Au-delà du déploiement de juillet 2026, le gouvernement affiche déjà une vision à long terme. Selon la feuille de route présentée lors des échanges, les années à venir verront successivement : l’intégration progressive des petites et très petites entreprises ; la mise en place de tableaux de bord analytiques en 2028 ; le développement de contrôles fiscaux prédictifs utilisant l’intelligence artificielle à partir de 2029 ; la construction d’une administration fiscale entièrement numérique à l’horizon 2030.

 

« À partir de 2029, nous commencerons à faire ce que nous appelons les contrôles prédictifs en utilisant les outils d’intelligence artificielle », a annoncé Loïc Mberi Mboko.

 

Conscient des inquiétudes que peut susciter un changement d’une telle ampleur, le gouvernement insiste sur l’accompagnement des contribuables. Les autorités fiscales assurent que des équipes dédiées resteront mobilisées pour assister les entreprises dans leur processus de conformité. « Je voudrais rassurer les contribuables de la disponibilité de l’administration fiscale à les accompagner durant cette phase de déploiement », a déclaré Ludovic ITOUA.
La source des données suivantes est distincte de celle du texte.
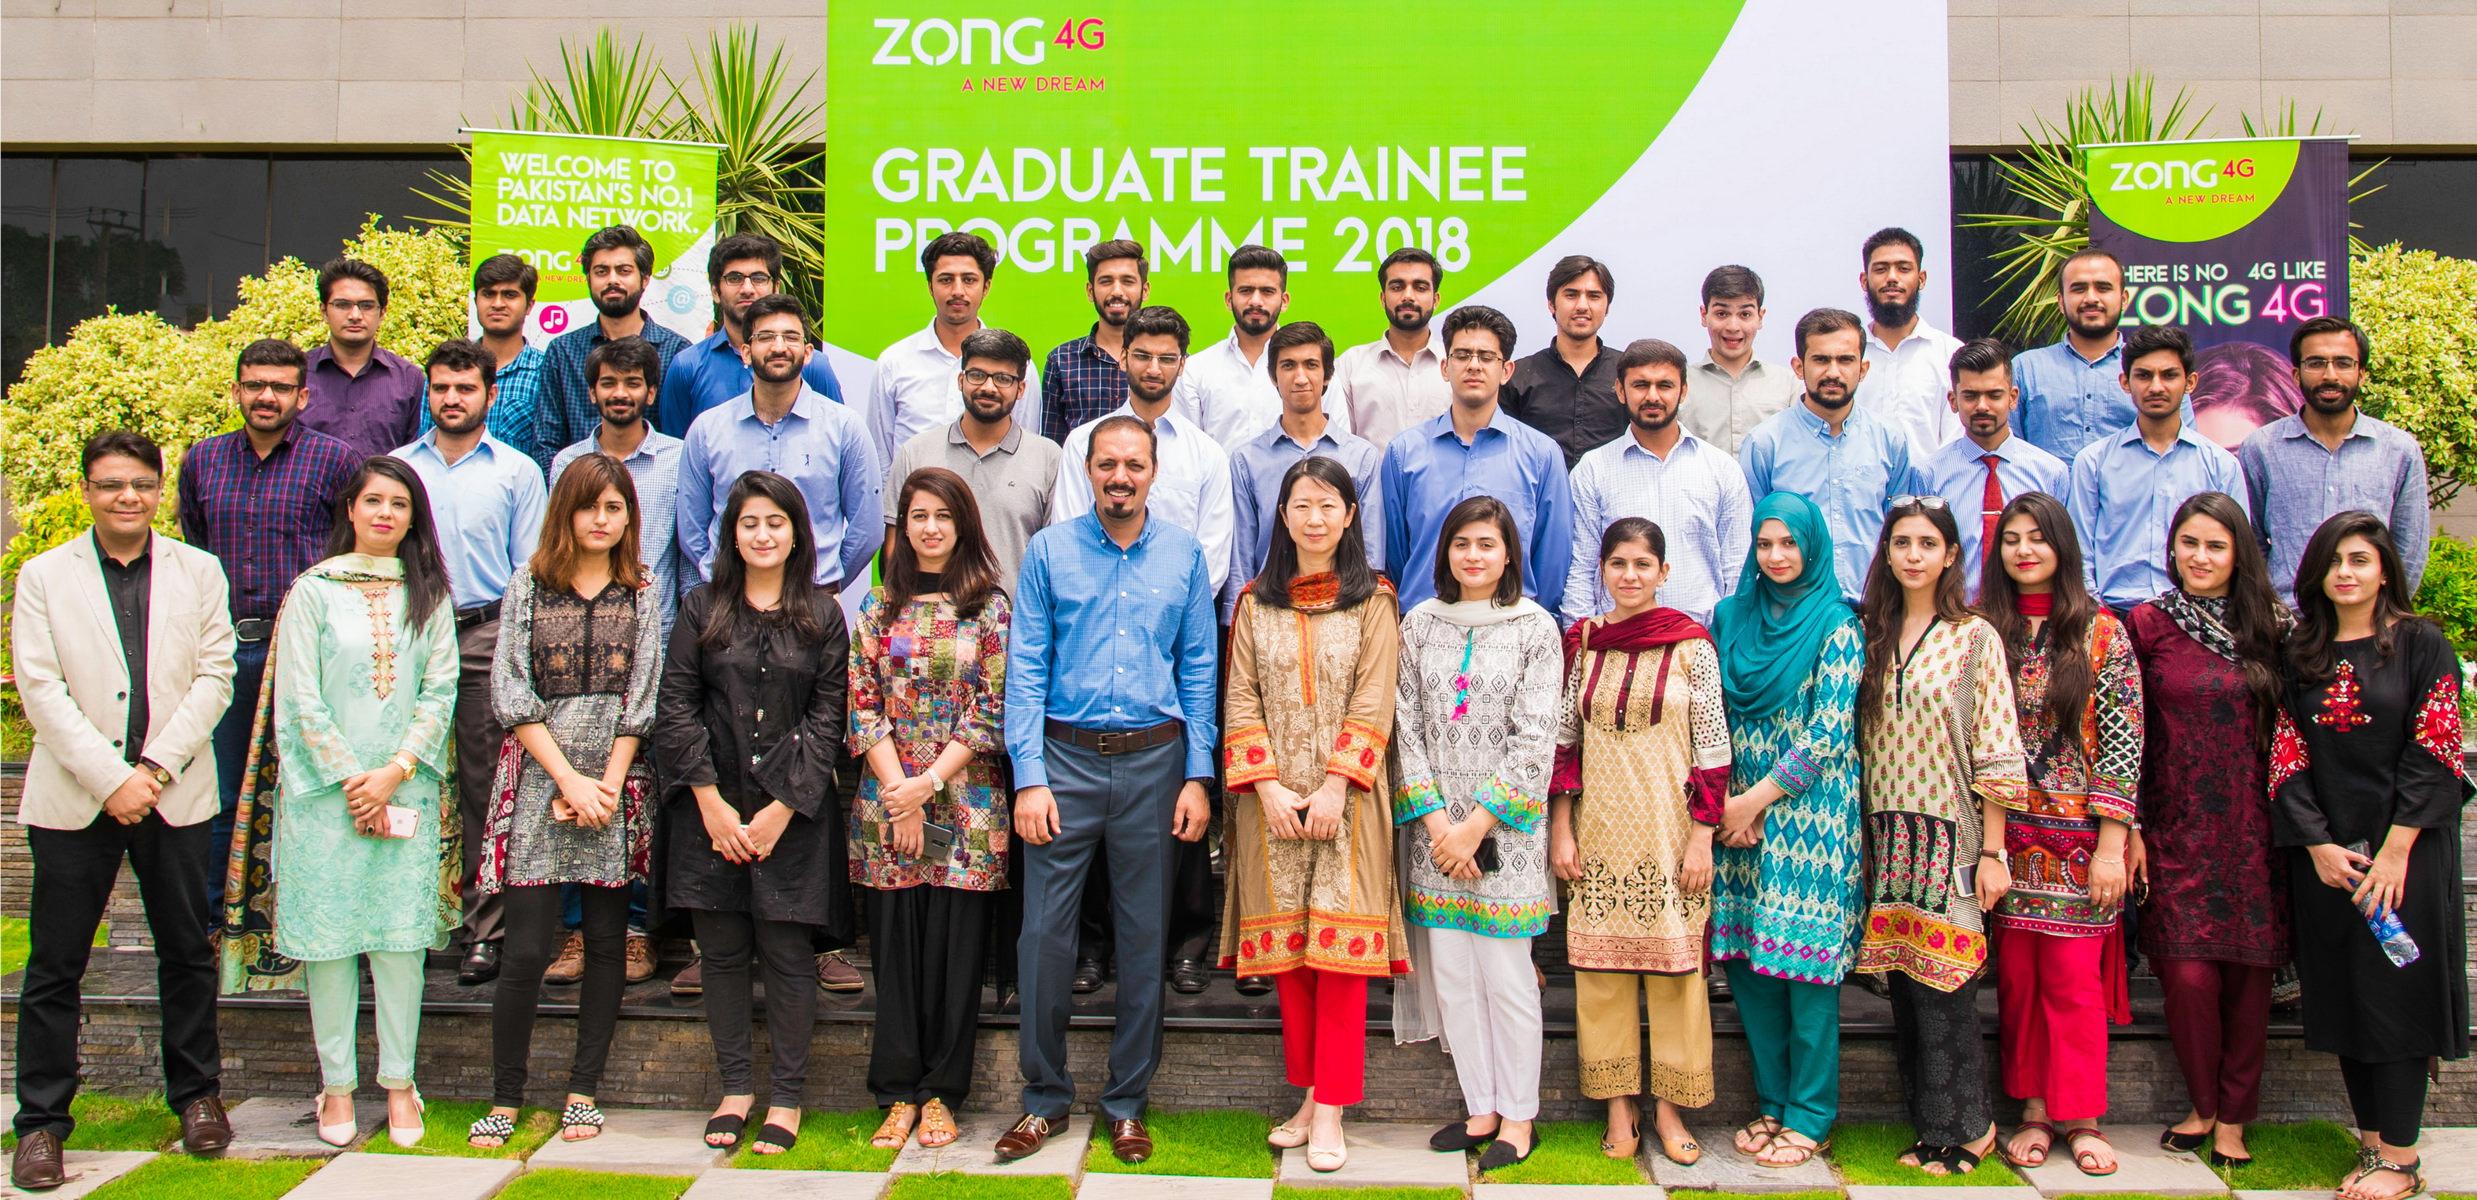 Leaders of tomorrow -Zong 4G’s Graduate Trainee Program

Même son de cloche du côté du ministère des Finances qui invite les opérateurs économiques à consulter la plateforme officielle du SFEC, à poser leurs questions et à participer activement à l’amélioration du système.

Un accompagnement annoncé pour les entreprises

Pour faciliter la transition, l’administration fiscale prévoit un dispositif d’assistance comprenant une plateforme numérique dédiée, des guides pratiques, des espaces d’accueil spécialisés ainsi que des outils d’accompagnement destinés aux entreprises. Des campagnes de sensibilisation, des formations et des actions de communication ciblées seront progressivement déployées afin de favoriser l’appropriation de cette réforme qui ambitionne de moderniser la gestion des finances publiques, sécuriser les recettes de l’État et améliorer durablement le climat des affaires en République du Congo.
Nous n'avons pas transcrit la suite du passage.